‘Put It There’ was a single released from Paul McCartney’s eighth solo album Flowers In The Dirt.

‘Put it there’ is an expression my dad Jim often used. He was loaded with colourful expressions, as so many Liverpool people still are today. He loved to play with words, juggle them in his head, and he had loads of little sayings that were sometimes nonsensical, sometimes functional, but always rather lyrical. When he was shaking your hand he would say, ‘Put it there if it weighs a ton.’

‘Put It There’ was written by McCartney in late 1987 while on holiday in Zermatt, Switzerland.

We were on this skiing holiday in Zermatt. In the evening after you’ve been skiing all day, you take those big heavy boots off and sit on the balcony with a drink, cooling out. I’d get my guitar and just sit out the balcony.

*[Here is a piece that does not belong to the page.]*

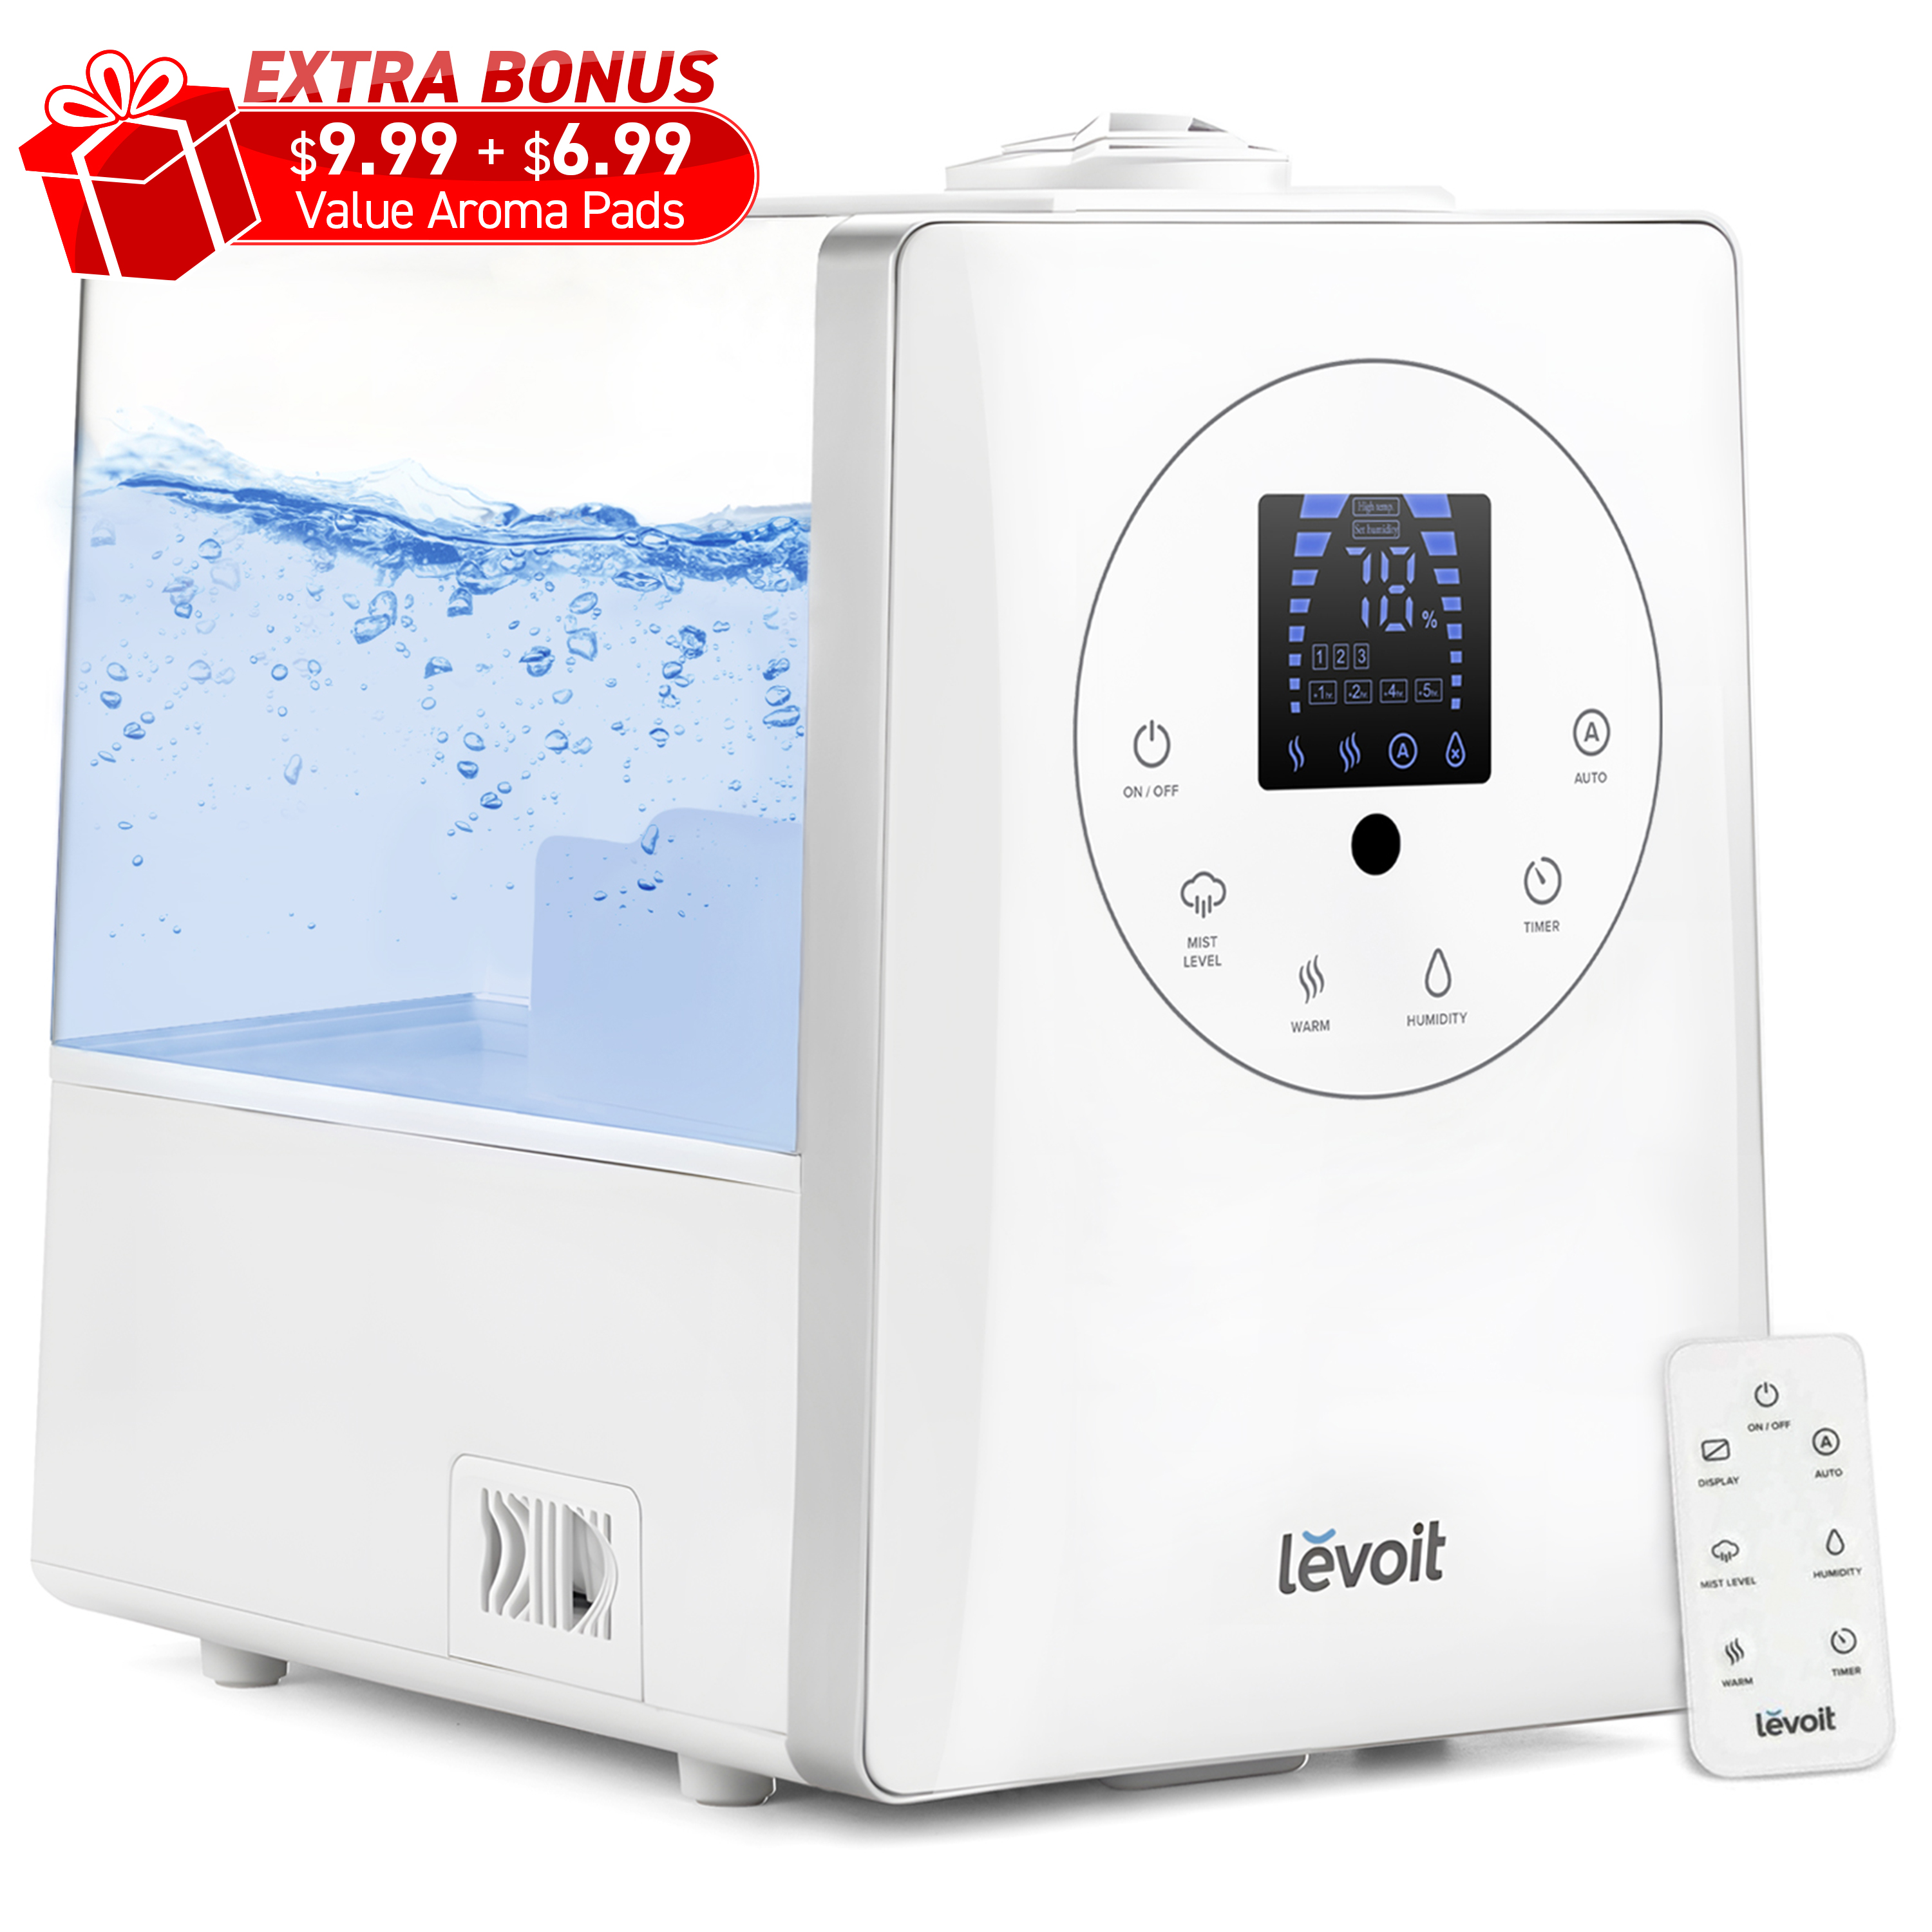 Levoit 6L 753 sq ft Warm and Cool Mist Humidifier, Vaporizer, White - image 1 of 13

It was a very simple song
Paul McCartney
Paul McCartney World Tour programme

The song was lightly produced, with few overdubs aside from an orchestral arrangement by George Martin. McCartney added knee-slapping percussion, seated on a stool at his Hog Hill Mill studio.

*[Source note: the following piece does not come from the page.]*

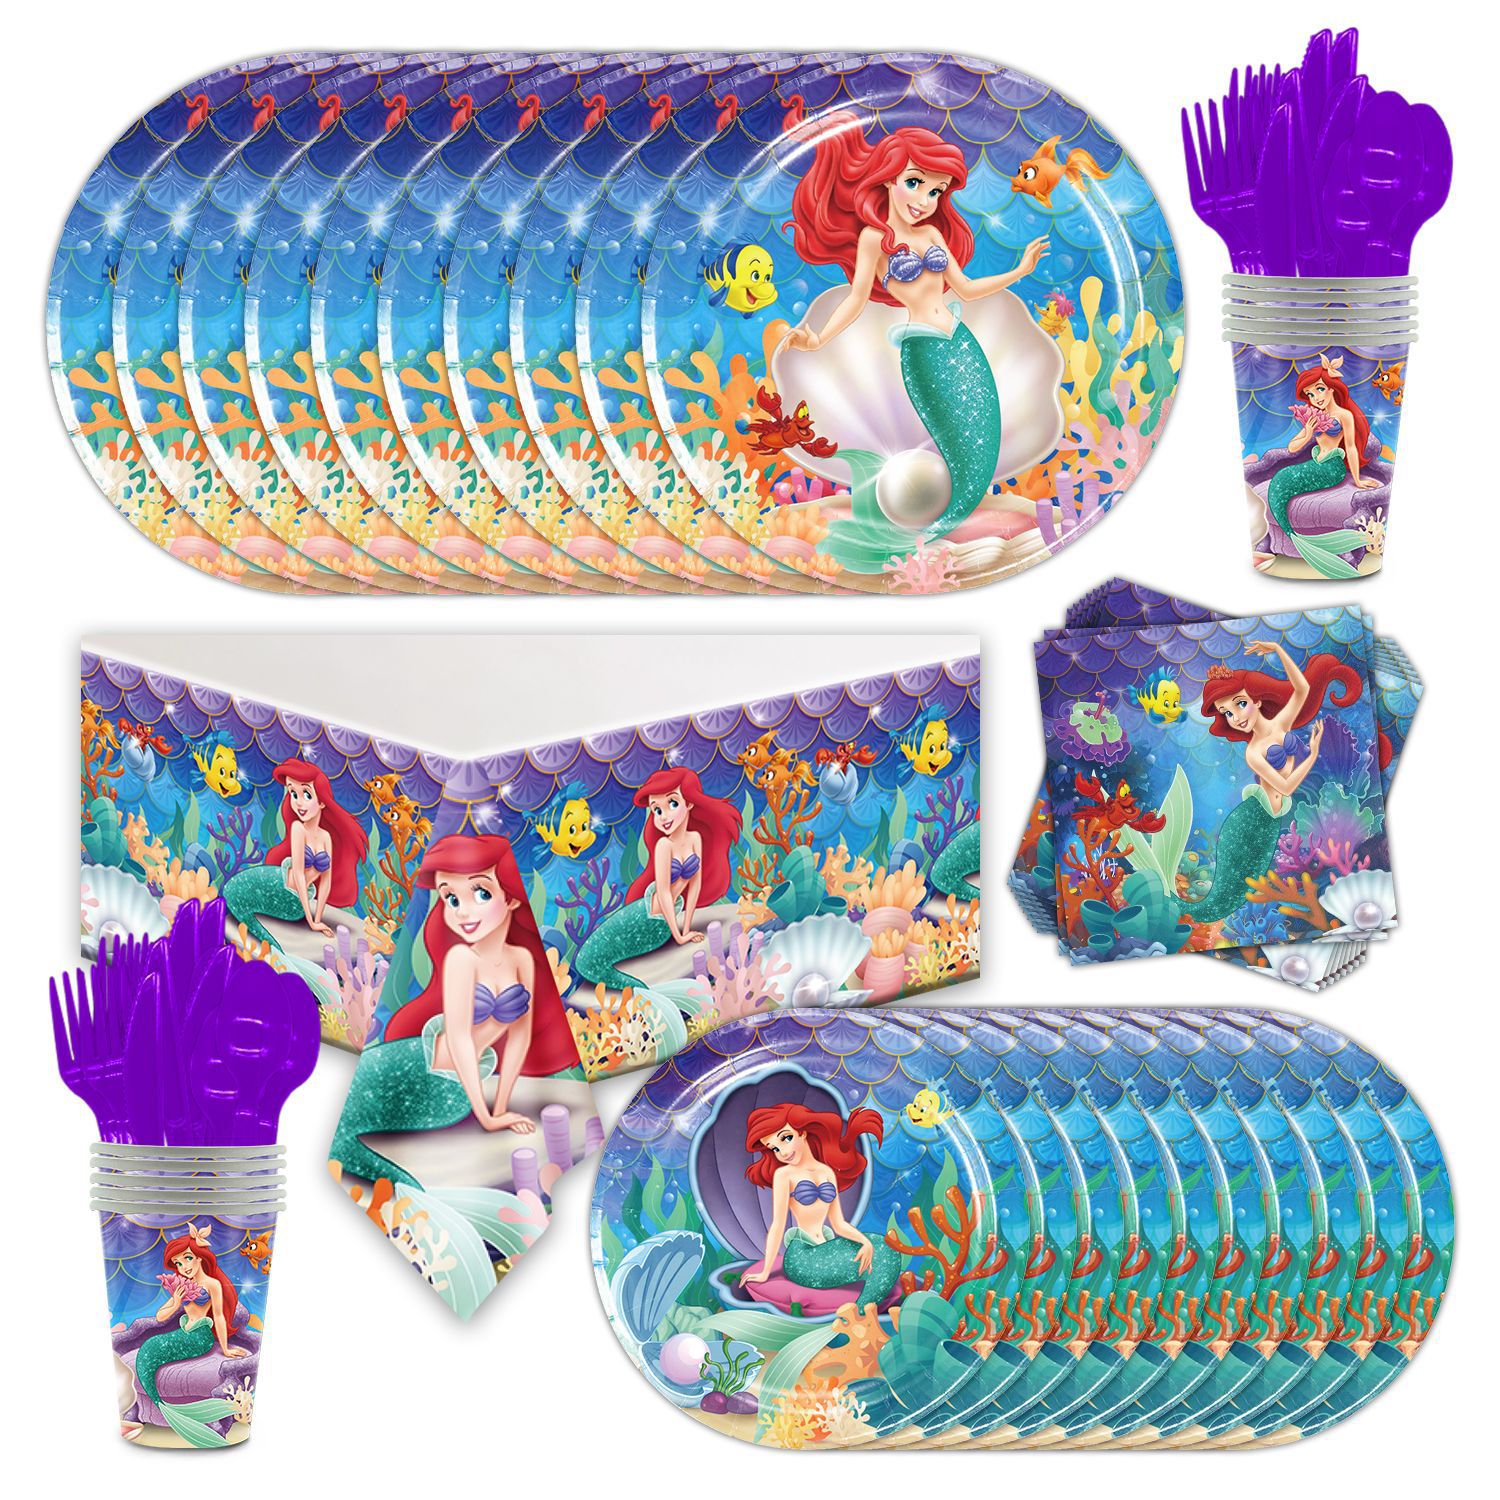 New style Little Mermaid Ariel Theme Girl Birthday Party Paper Plate Napkin Tablecloth Disposable Tableware Kids 1 - Ariel Doll

‘Put it there if it weighs a ton.’ I’m not sure I thought of it at the time, even though this was well after The Beatles disbanded, but I can’t help connecting the oppressiveness associated with that phrase to the oppressiveness that coincided with the end of The Beatles. Not that The Beatles are over exactly…

I wonder whether I wanted to direct this song towards John – whether it’s not, in its own way, a peace offering to a man who died way too early. ‘If there’s a fight, I’d like to fix it/I hate to see things go so wrong’. But then I’m an eternal optimist: ‘The darkest night and all its mixed emotions/Is getting lighter, sing along’. The ending of ‘Put It There’ is particularly upbeat: ‘As long as you and I are here, put it there’. A little wordplay at the end.

Paul McCartney's handwritten lyrics for Put It There

The release

‘Put It There’ was issued as a single on 5 February 1990, which peaked at 32 on the UK singles chart.

The 7″ vinyl and cassette editions contained ‘Mama’s Little Girl’, a 1972 Wings recording brought up to date with overdubs in 1986.

There were also 12″ and CD singles, both of which included the additional track ‘Same Time Next Year’, another Wings song from 1978. The 12″ single was also released as limited edition containing an art print of McCartney’s cover illustration.

A live version, recorded on 28 September 1989 in Gothenburg, Sweden, was included on the 1990 live album Tripping The Live Fantastic. The recording was also the b-side of two live releases: the UK 1990 single ‘All My Trials’, and the following year’s US release of ‘The Long And Winding Road’.